VSD-based GEVIs have been used successfully for measurements of both single-neuron and neuronal circuits, enabling recording of membrane potential dynamics in small neuronal compartments, difficult to access with conventional electrophysiological methods. For example, in vitro measurements of the membrane potential in dendritic spines have been done with ArcLight, combining one-photon voltage imaging with two-photon glutamate uncaging [46]. Also, back-propagating action potentials in dendrites were recorded using ASAP2s with two-photon microscopy [40]. VSD-based GEVIs have also been used in vivo. With one- or two-photon wide-field voltage imaging, one can image sensory-evoked or spontaneous potentials from larger territories, albeit without single cell resolution [47–49]. Monitoring subthreshold membrane potential dynamics and action potentials with cellular resolution has been achieved in vivo using VSD-based GEVIs in Drosophila [39, 50]. But voltage imaging with single cell resolution in vivo has been challenging in mammalian preparations, due to light scattering and poor signal to noise ratio (SNR). Recently, both ArcLight-MT and the newly developed ASAP3 were used to report subthreshold potentials and spontaneous action potentials in awake or anesthetized mice in vivo under two-photon excitation with single cell resolution [49]. Also, voltage imaging and calcium imaging have also been recently combined in fruit flies in vivo [39].

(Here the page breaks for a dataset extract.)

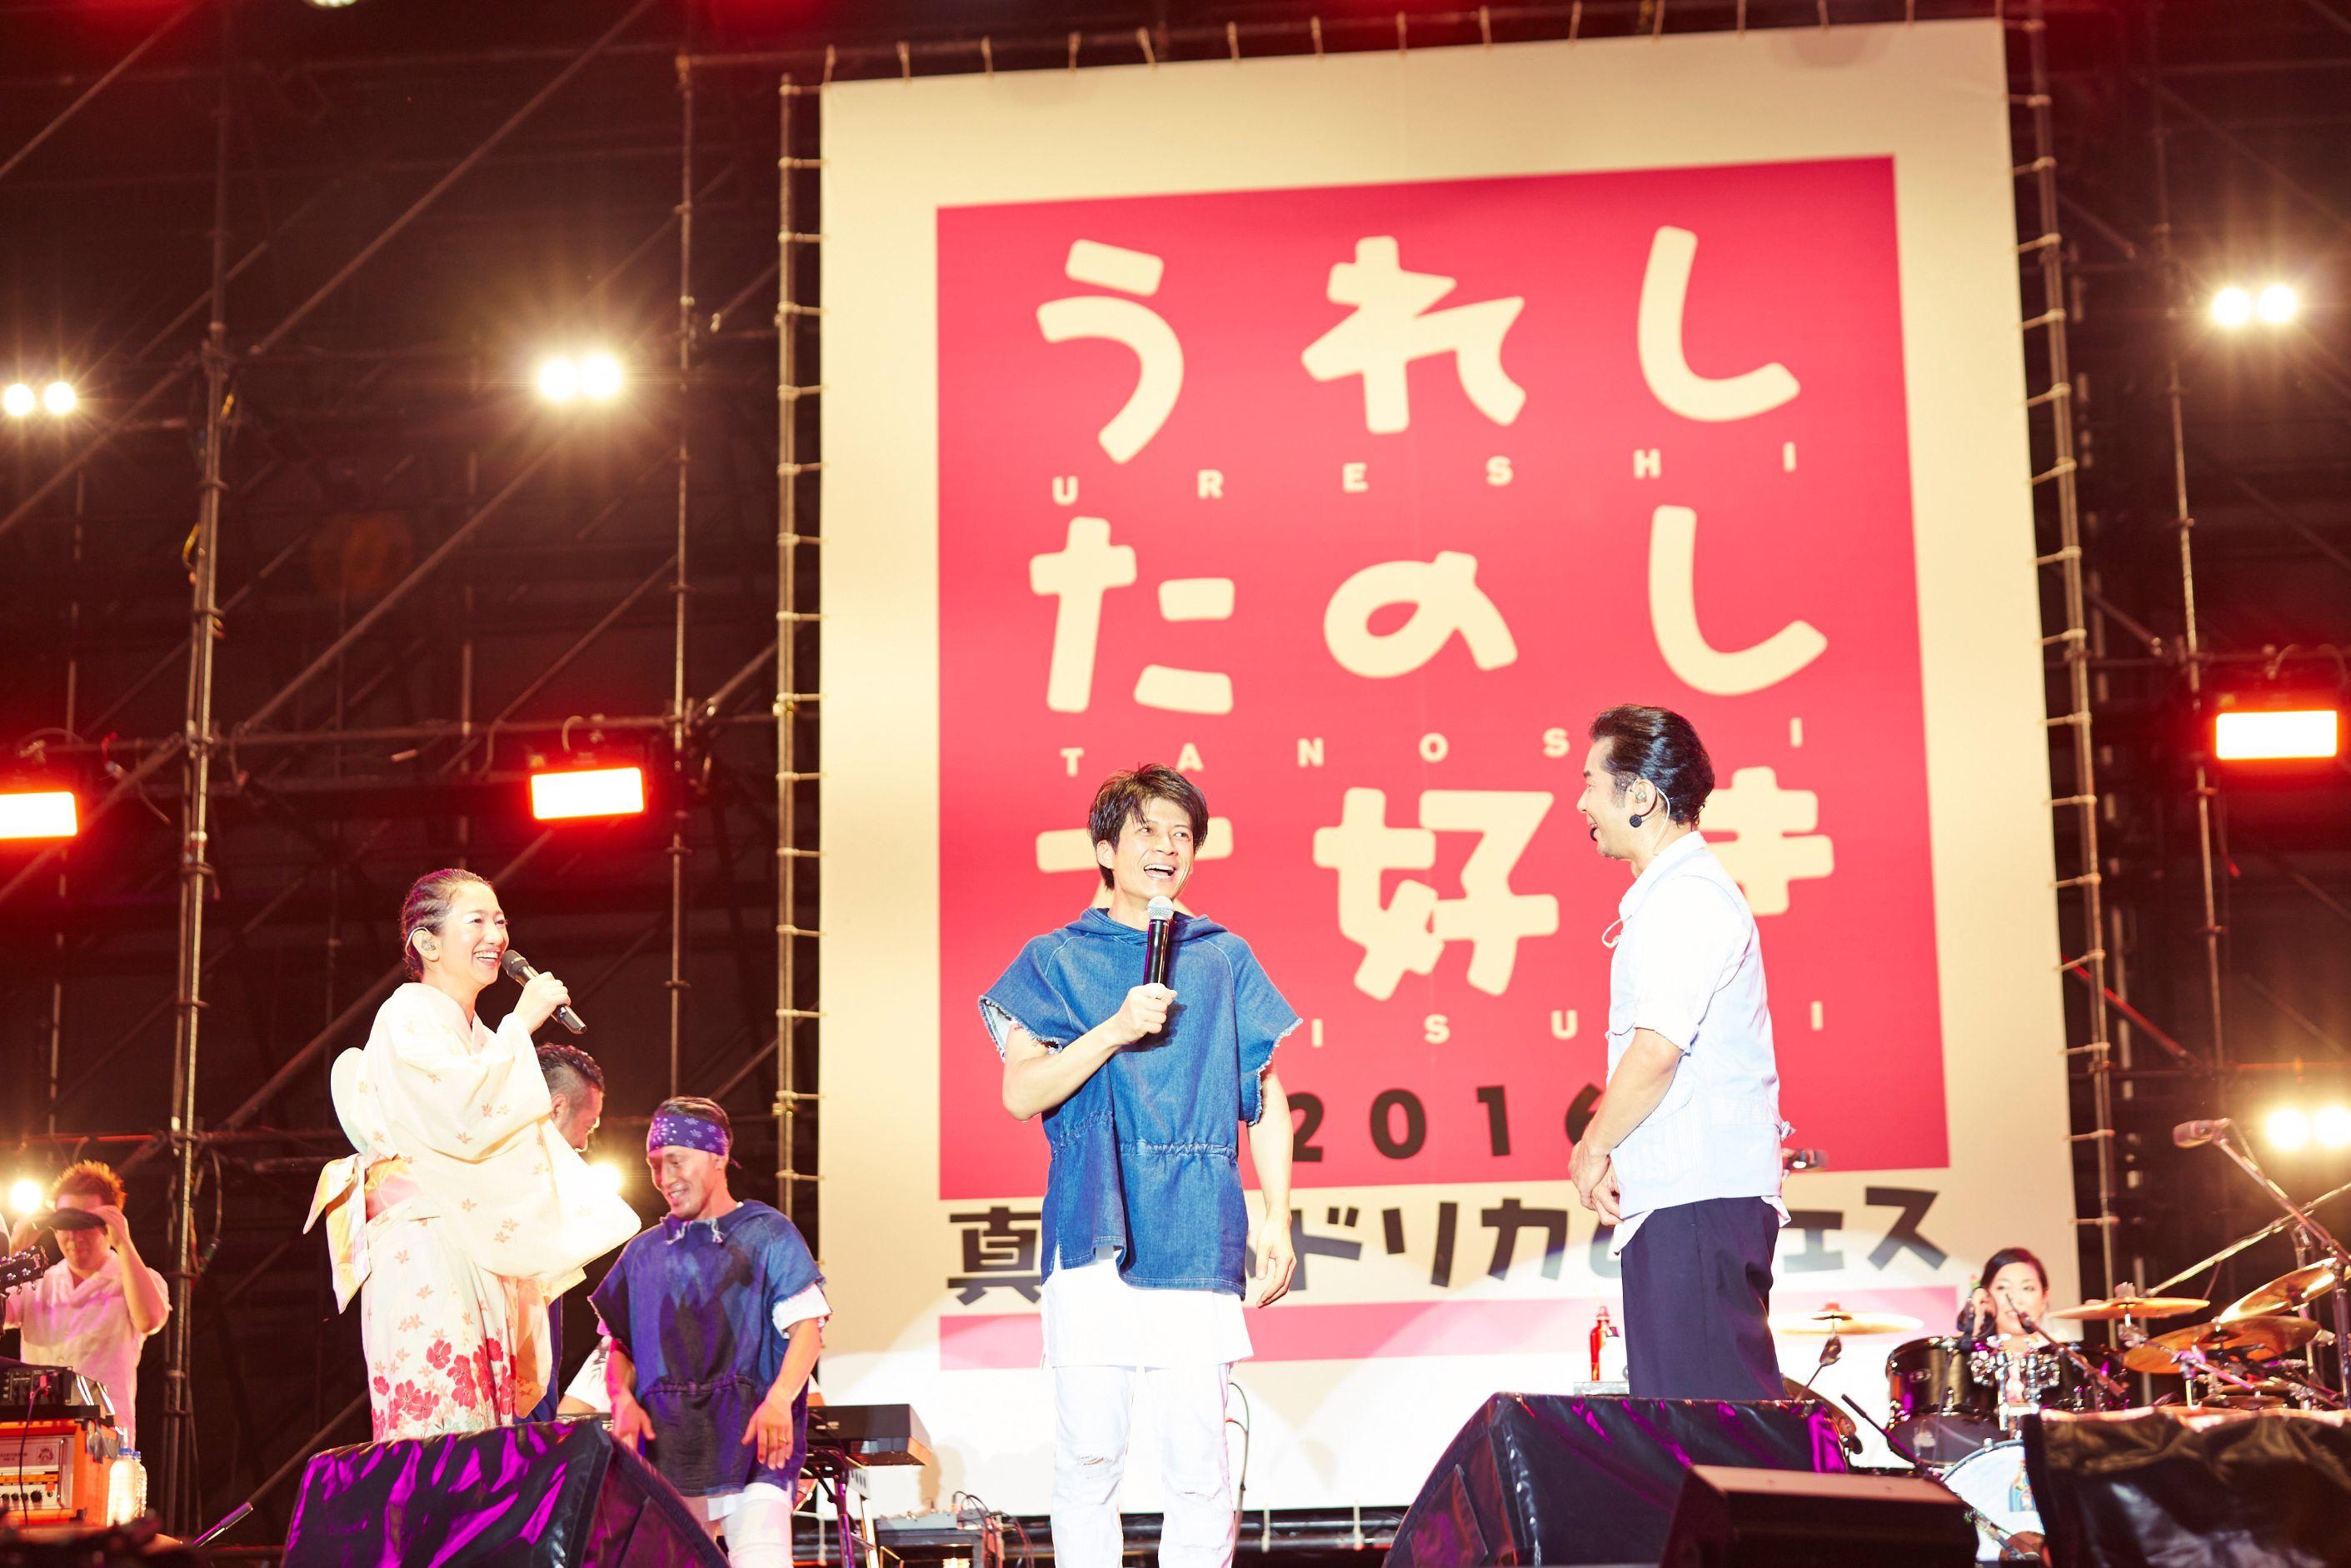 Photo:植松千波 / 橋本塁(SOUND SHOOTER)(C)フジテレビ

Although the performance of VSD-based GEVIs has improved, voltage imaging using them is still challenging. Further advances appear necessary, especially for in vivo imaging. In particular, better performance under two-photon excitation and developing red-shifted indicators for multi-color imaging and combination with optogenetics would be desirable. It seems also important to engineer brighter VSD-based GEVIs to obtain higher SNRs, comparable with calcium imaging. Finally, like with other voltage indicators, fast photobleaching of VSD-based GEVIs can prevent long-term monitoring of membrane potential dynamics. To overcome photobleaching, improving Marina- and FlicR-type GEVI seems particularly promising, as they show low fluorescence during resting state, and become brighter when membrane potential is depolarized.

Rhodopsin-based GEVIs

GEVIs based on microbial rhodopsins fall into two distinct classes. One uses the rhodopsin both as voltage sensor and fluorescent reporter while the other uses a voltage-sensing rhodopsin linked to a fluorescent tag (Fig. 3a). The first microbial rhodopsin-based voltage sensor was PROPS (proteorhodopsin optical proton sensor) [51]. The authors found that, in green-absorbing proteorhodopsin, the protonation state of the retinal Schiff base (RSB), which covalently attaches the chromophore to the apoprotein, largely determines the color and fluorescence of the rhodopsin. They reasoned that a change in membrane voltage should influence the local electrochemical potential around the RSB and thereby alter the fluorescence of the protein [51]. Through mutagenesis, the natural light-activated ion transport activity of the microbial rhodopsin was abolished and the RSB pk_a was shifted to sense membrane potentials in a physiological range. The use of PROPS was limited to Escherichia coli, but, exploiting a similar sensing mechanism, Archaerhodopsin 3 of the haloarchaea Halorubrum sodomense, known as Arch, was subsequently developed for voltage imaging of mammalian neurons [29]. In recent years, improvements of rhodopsin-based sensors have mainly stemmed from mutations in Arch [52, 53], yielding improved indicators like QuasAr 1 to 3 [54, 55], NovArch [56], and, recently, Archon 1 and 2 [57] (Fig. 1). Both QuasAr3 and Archon1 have been used to successfully record action potential trains in vitro with good SNR [55, 57] (Table 1) and have been used in vivo, albeit with one photon excitation [55, 57].

Fig. 3.

Recent rhodopsin-based GEVIs. a Representation of two kinds of rhodopsin-based GEVIs with PROPS type GEVI (left) and eFRET-based GEVI (right). b Left: Confocal images of QuasAr3 expression in brain slices; bar 50 μm. Middle: Patch-clamp recordings (black) with corresponding fluorescence traces (red) in acute brain slices. Right: overlay of electrical and optical signal for a single AP. Modified with permission from [55]. c Left: Expression of Archon1 in acute brain slices; bar 25 μm. Middle: Archon1 fluorescence (pink; single trial) and related electrical traces (black) in cultured cells with overlay of both signals for the AP indicated by the arrow. Right: Fluorescence changes (single trial) of Archon 1 following action potential-like voltage changes (black) of 200 Hz in a voltage-clamped neuron in culture. Modified with permission from [57]. d Left: Confocal image of VARNAM expression in pyramidal neurons in fixed postnatal brain slices. Middle: Concurrent optical (red) and electrical recordings (black) evoked by 10 Hz (left) and 50 Hz (right) current injections with overlay of both signals for indicated AP. Right: Changes in membrane potential driven by activation of the channelrhodopsin Cheriff (blue) monitored electrically (black) and optically (red). Modified with permission from [44]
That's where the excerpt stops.